**About this exercise**: Find the line with "JVC AV 48P777, AV-48P787, AV-56P787, AV" in the records below. Output exactly from there until after the line with "1965 - Transmission", without pictures.

**Source material**:
┏━━

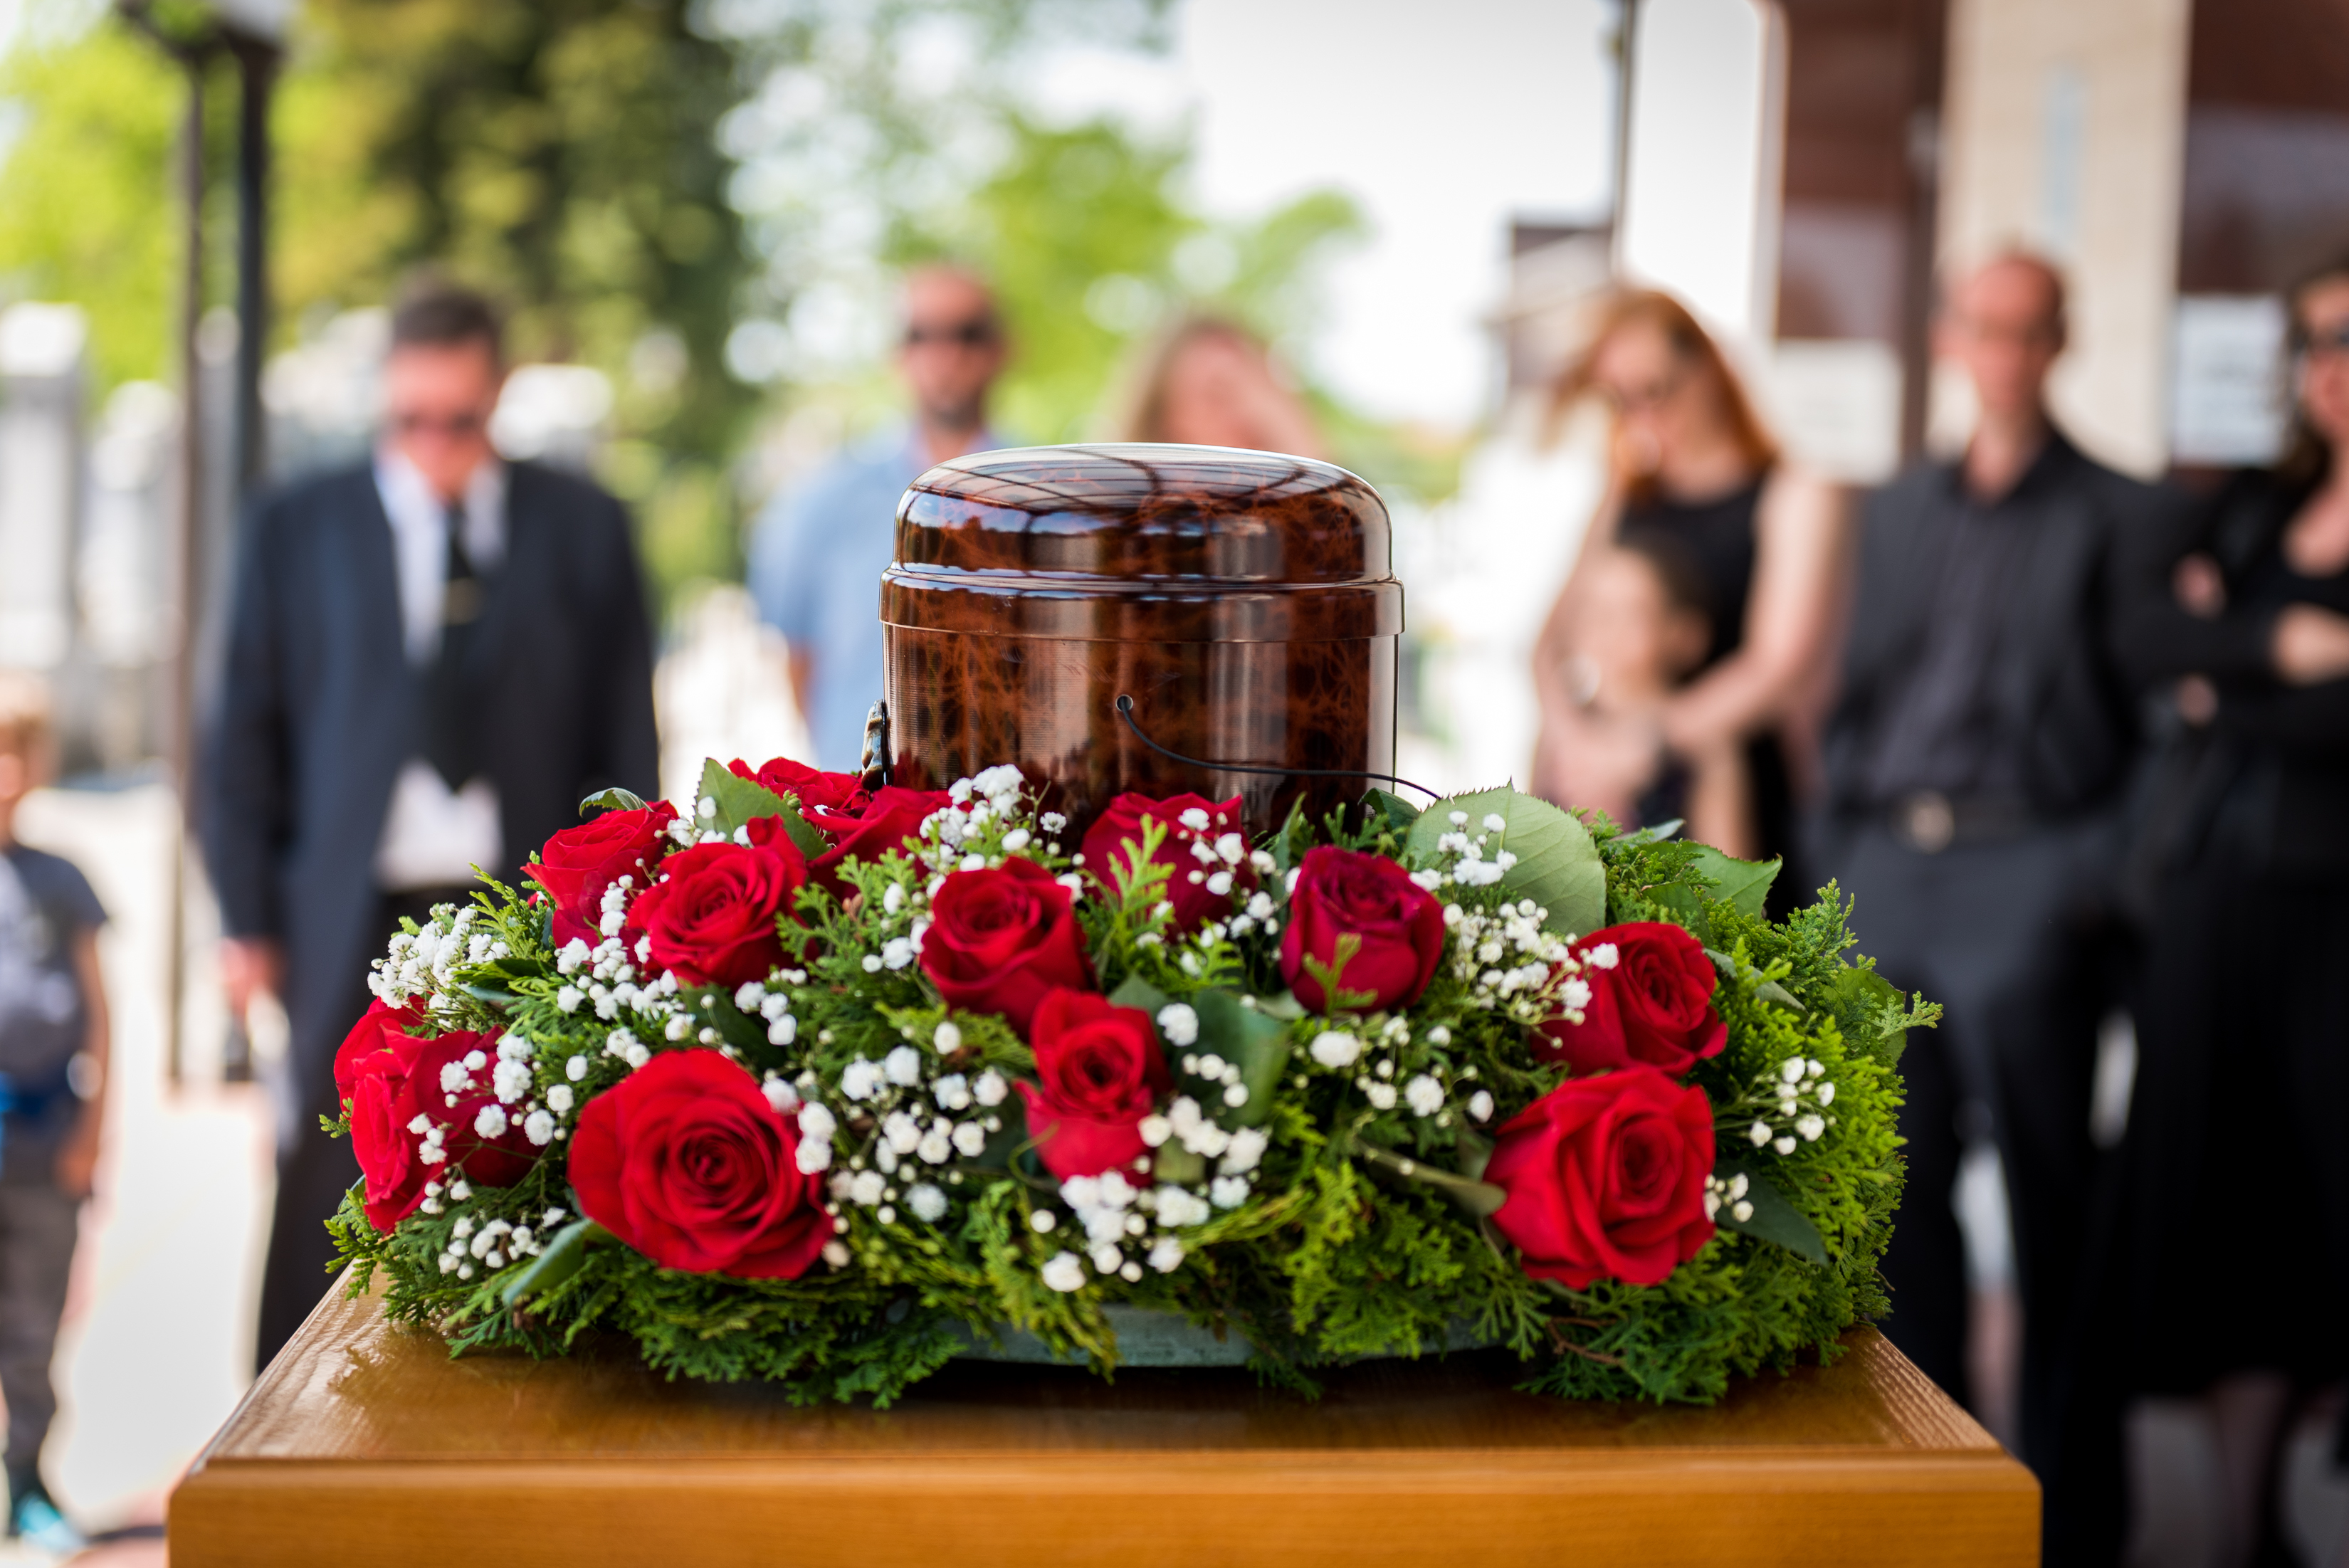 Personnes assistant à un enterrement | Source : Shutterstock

┗━━
┏━━

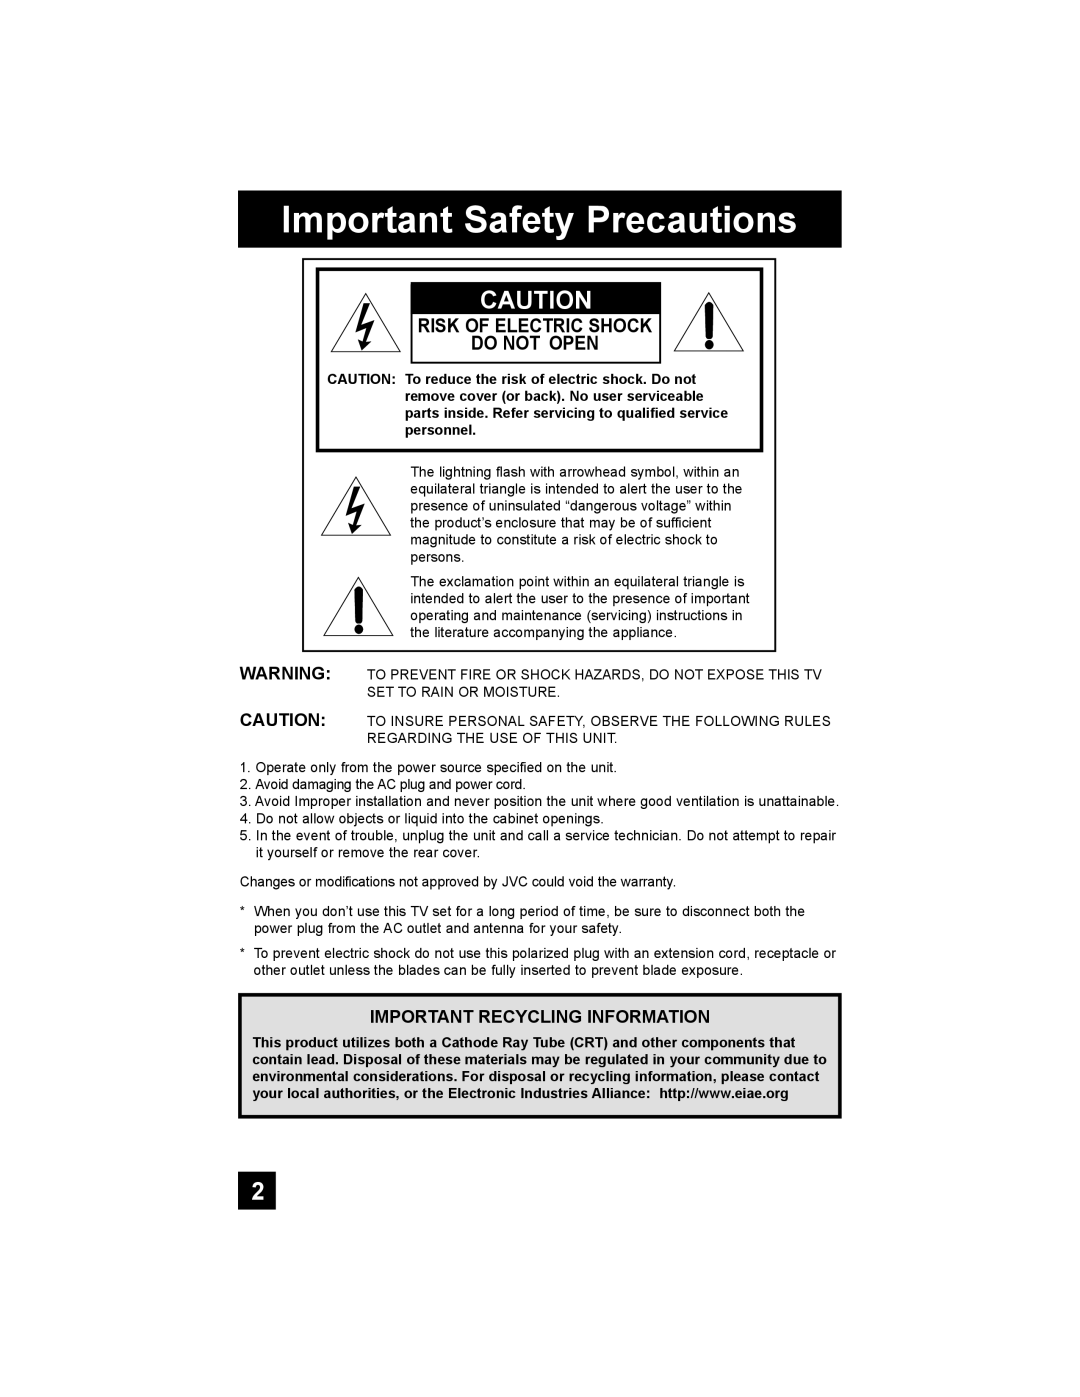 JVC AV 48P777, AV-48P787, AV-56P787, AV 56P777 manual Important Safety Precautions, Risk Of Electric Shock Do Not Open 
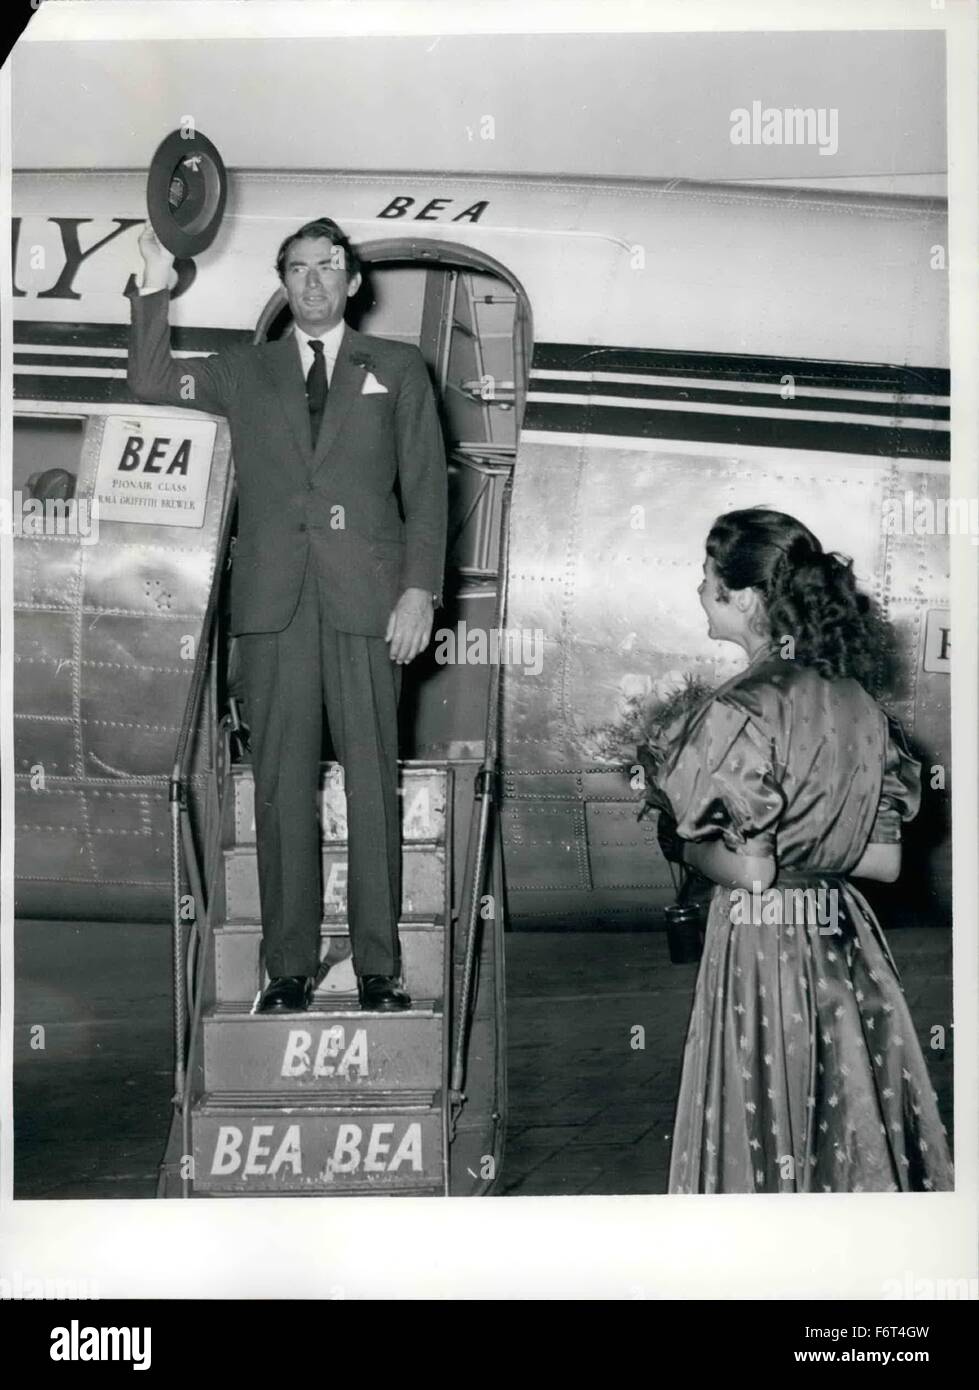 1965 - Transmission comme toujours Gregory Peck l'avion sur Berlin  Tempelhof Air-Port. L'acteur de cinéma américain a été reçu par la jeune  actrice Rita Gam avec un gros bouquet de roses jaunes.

┗━━
┏━━

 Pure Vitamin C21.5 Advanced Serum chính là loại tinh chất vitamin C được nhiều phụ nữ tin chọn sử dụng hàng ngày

┗━━

**Solution to this problem**:
 JVC AV 48P777, AV-48P787, AV-56P787, AV 56P777 manual Important Safety Precautions, Risk Of Electric Shock Do Not Open 
 1965 - Transmission comme toujours Gregory Peck l'avion sur Berlin  Tempelhof Air-Port. L'acteur de cinéma américain a été reçu par la jeune  actrice Rita Gam avec un gros bouquet de roses jaunes.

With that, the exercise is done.